I lead a simple life, in a small house, with a budget car and a low-paying day job. I have a basketball, a football, sneakers, hockey skates, a guitar, a piano, an old laptop, and some good books. These keep me busy. Other than food, I don’t have anything that I’m itching to buy. But my message is much truer and more thoughtful than the content published by the mainstream outlets. And if propaganda purveyors are paid handsomely to mislead the public, I shouldn’t feel bad about being paid modestly to write the truth.
Importantly, Substack gets a percentage of reader pledges. In a nation where the media is badly biased, Substack deserves support for its willingness to publish without censorship. My message only reached people because Substack (and ZeroHedge, Citizen Free Press and The Brownstone Institute) provided platforms to me and other Coronamania dissenters. I began posting anti-Coronamania messages on Medium.com in March, 2020. When Medium deleted my account for telling the truth, I shifted to Substack. As Brownstone, Zero Hedge and CFP derive content from Substack, I would have reached almost no one without Substack.
No matter what happens, I’ll write what I think is true and worth saying, hopefully in a clear, interesting way. And I won’t hold back in order to avoid alienating anyone. I’ll know if I’ve run out of ideas. And readers will let me know by ceasing to support me.

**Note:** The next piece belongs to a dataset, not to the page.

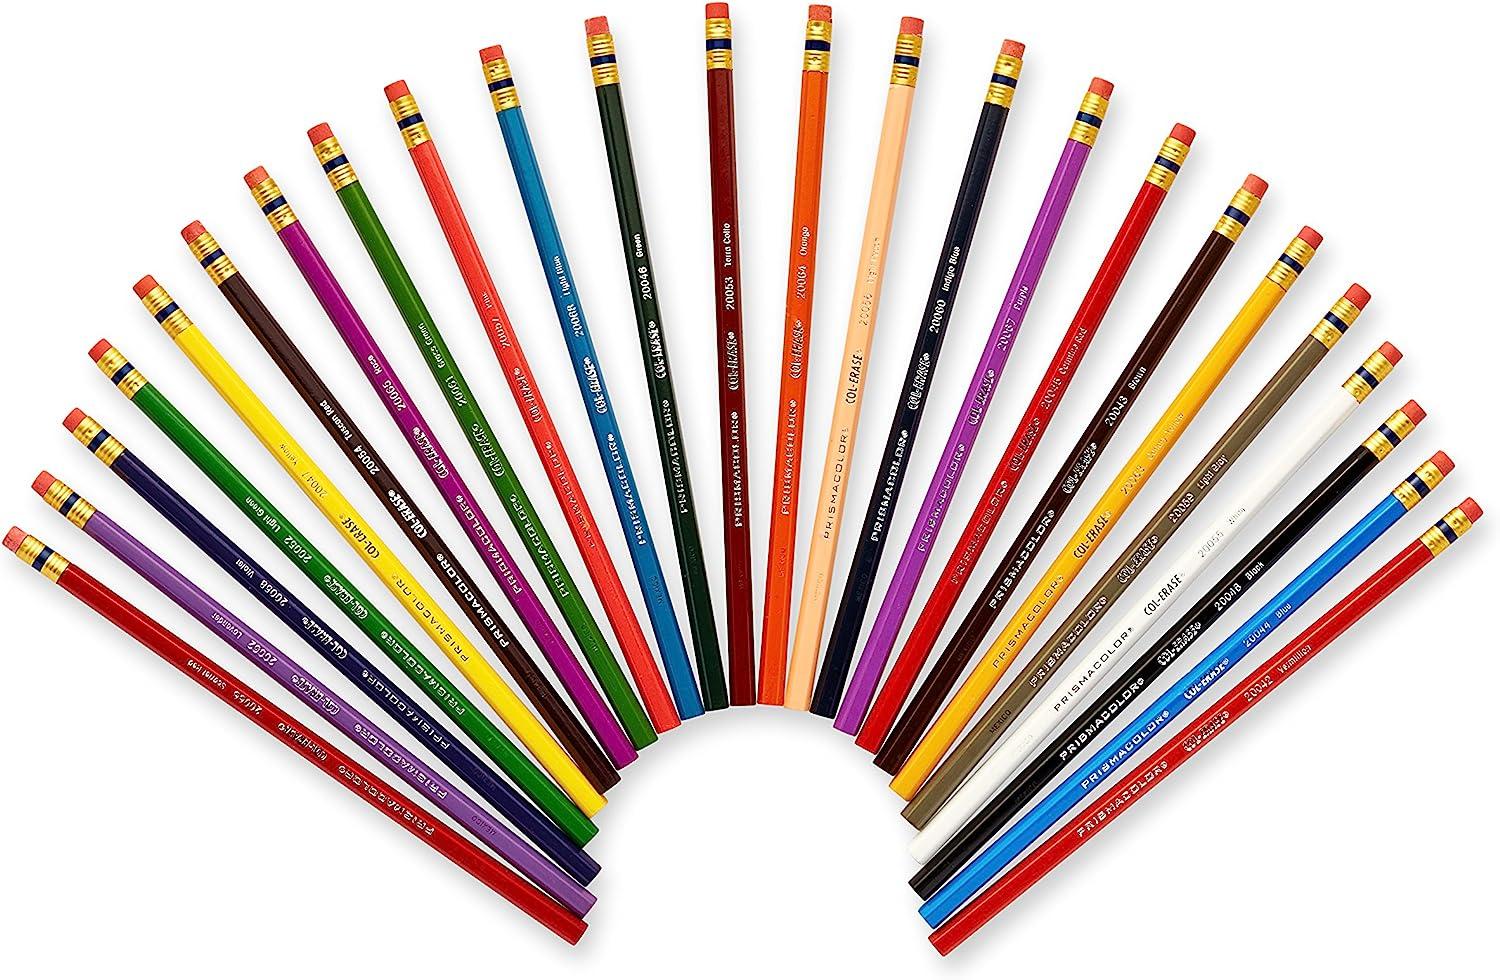 Prismacolor Col-Erase Erasable Colored Pencil, 24-Count, Assorted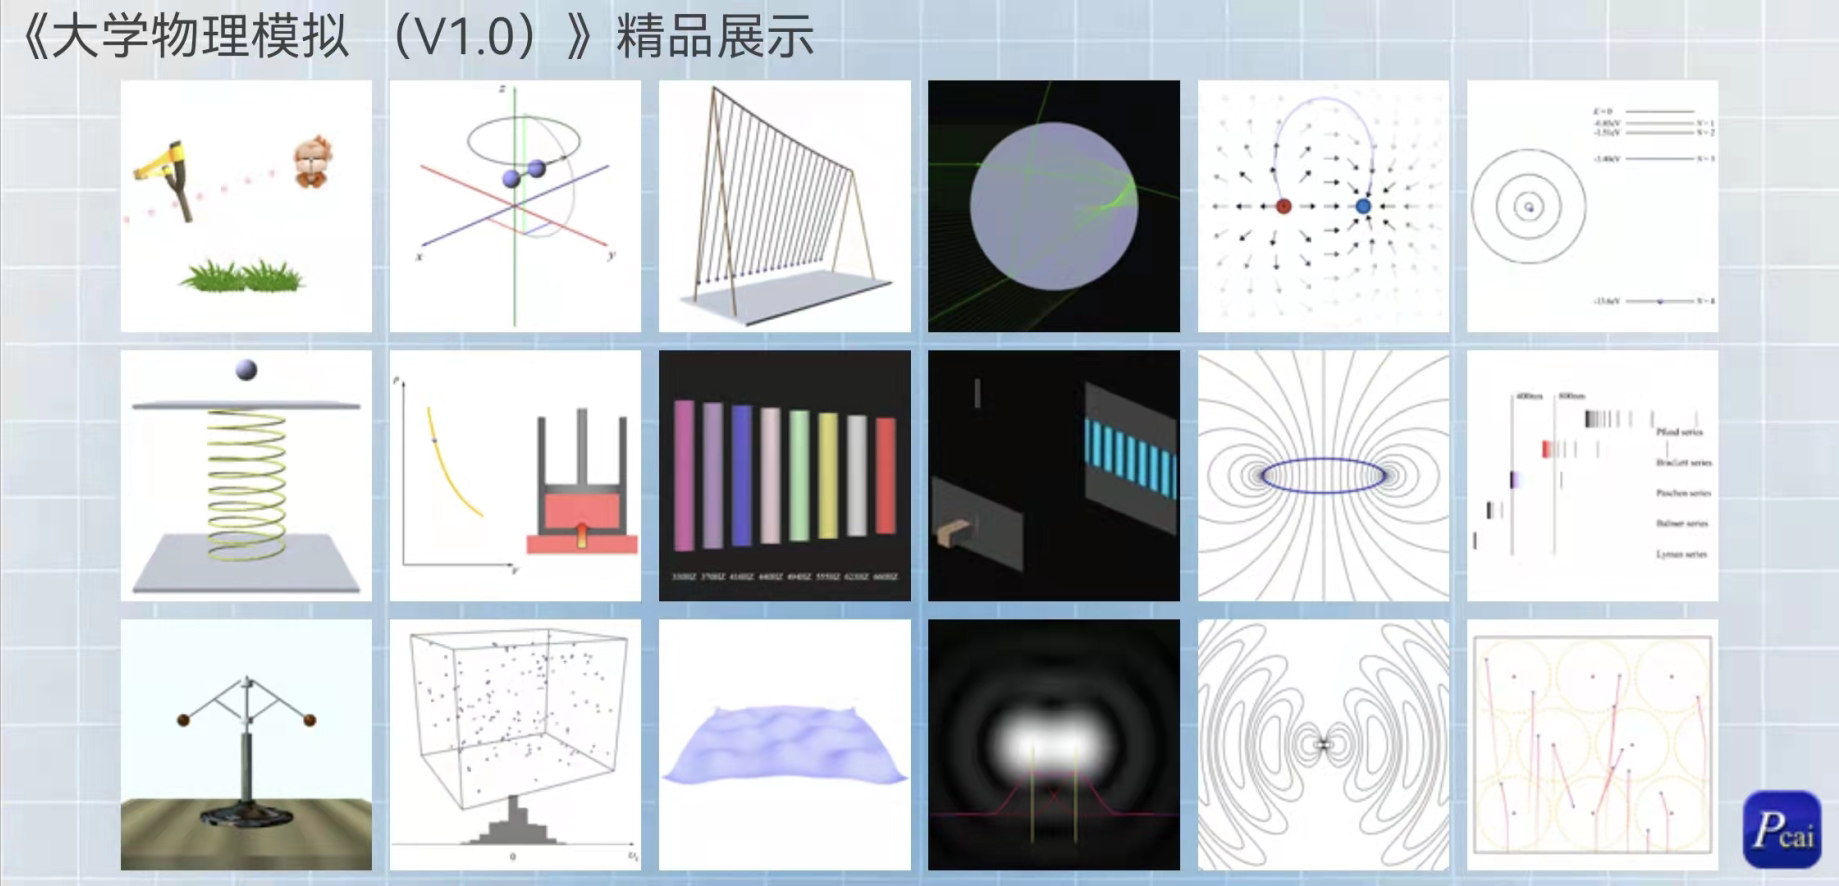 《大学物理模拟（V1.0）》（精品展示）Android 版本发布

I won’t put up a paywall. Above all, I think of all of you as friends of inestimable value during a dark time. I’ve very much enjoyed meeting some of you in-person or speaking on the phone. If the world still feels crazier than usual to you and you want to discuss it, we can set up a time to talk via forecheck32 at g mail. If you’re passing through Central NJ, I would very much like to share some time with you; please stop by. I’m always down to share a meal or throw some ball or other or pull down my guitar and sing some songs together. Or just sit on my front porch, drink cool beverages, lament and laugh.
We’re all in this together. Except that when I say “all,” I mean only those of us who have seen the Scam, will never forget it and will never let others forget it. We are tribesmen, kindred spirits and unvaxxed-blood brothers and sisters.

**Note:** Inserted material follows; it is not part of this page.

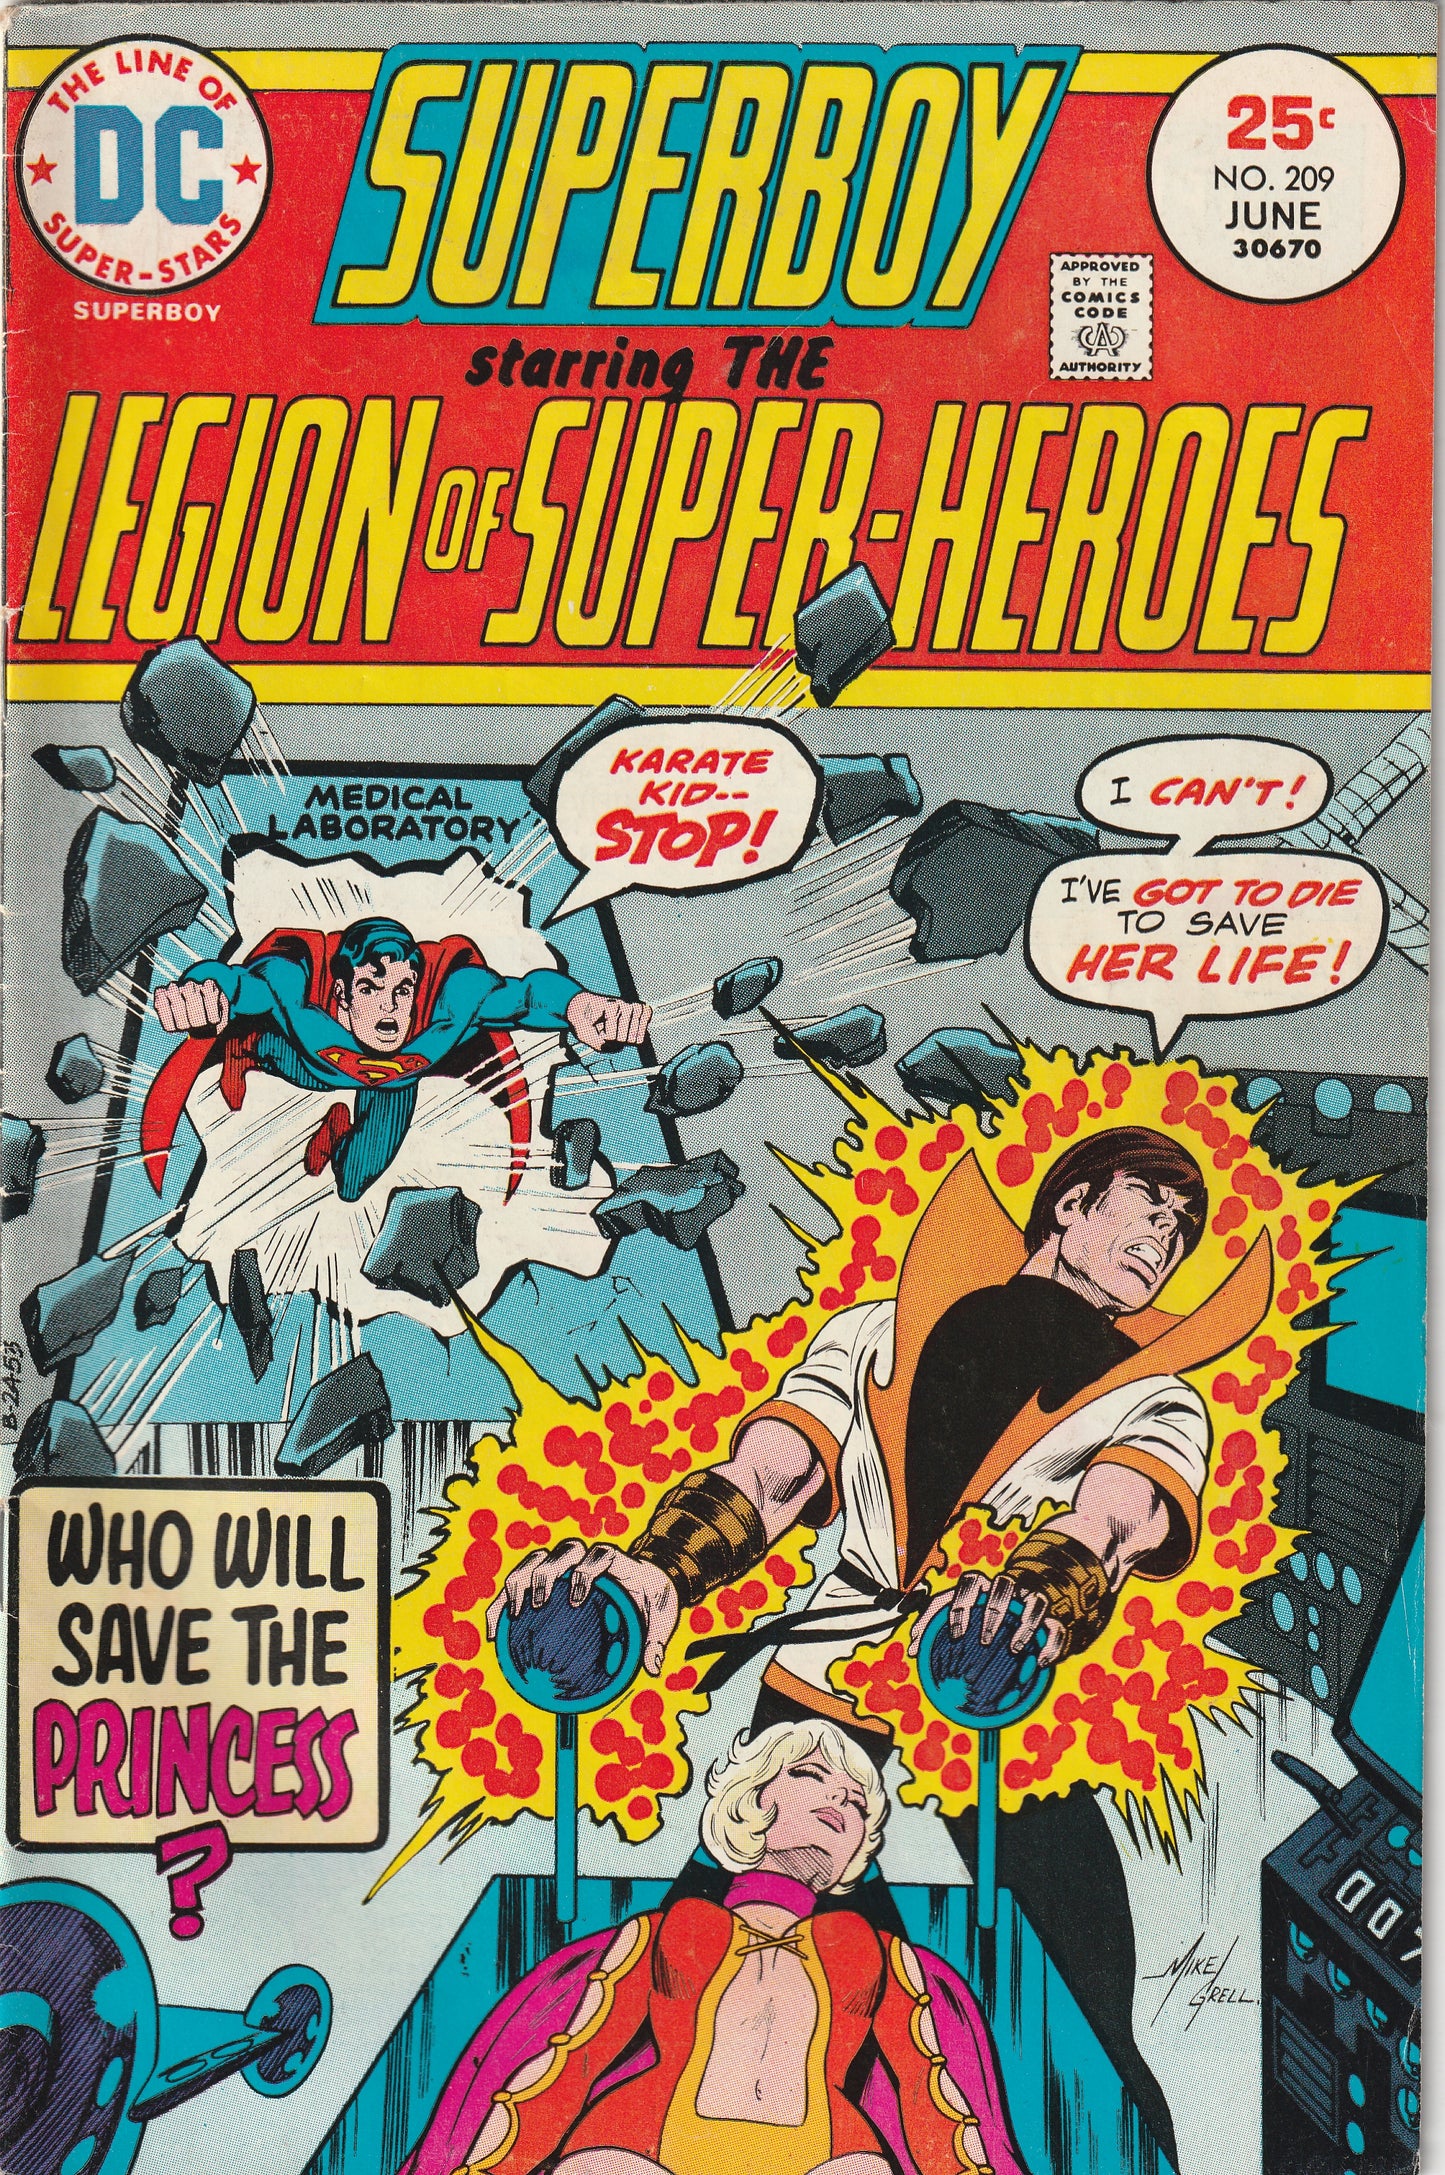 Superboy #209 (1975) - Starring the Legion of Super-Heroes - Karate Kid gets new costume

Thanks for your writing, it has been one of a few beacons in the fog of the last few years. Like you, I have found great comfort in knowing there are others who saw this for what it was: a collective madness and one of the greatest scandals in history. You write with great clarity and humour. Thank God for Substack, Brownstone and others, for they have allowed those of us around the world (I’m Australian) who didn’t succumb, to find sanctuary in the sanity of others.
Mark, I love your articles, they are smart, intuitive and everything you say hits home, even your simple lifestyle resonates with mine. Just thought I’d let you know. You are a man of integrity and my dad loved Green Acres so your good in my books (oh and Hee-Haw too! It used to crack me up watching my Asian dad laugh his butt off over Hee-Haw, Green Acres, All in the Family and Sanford & Son!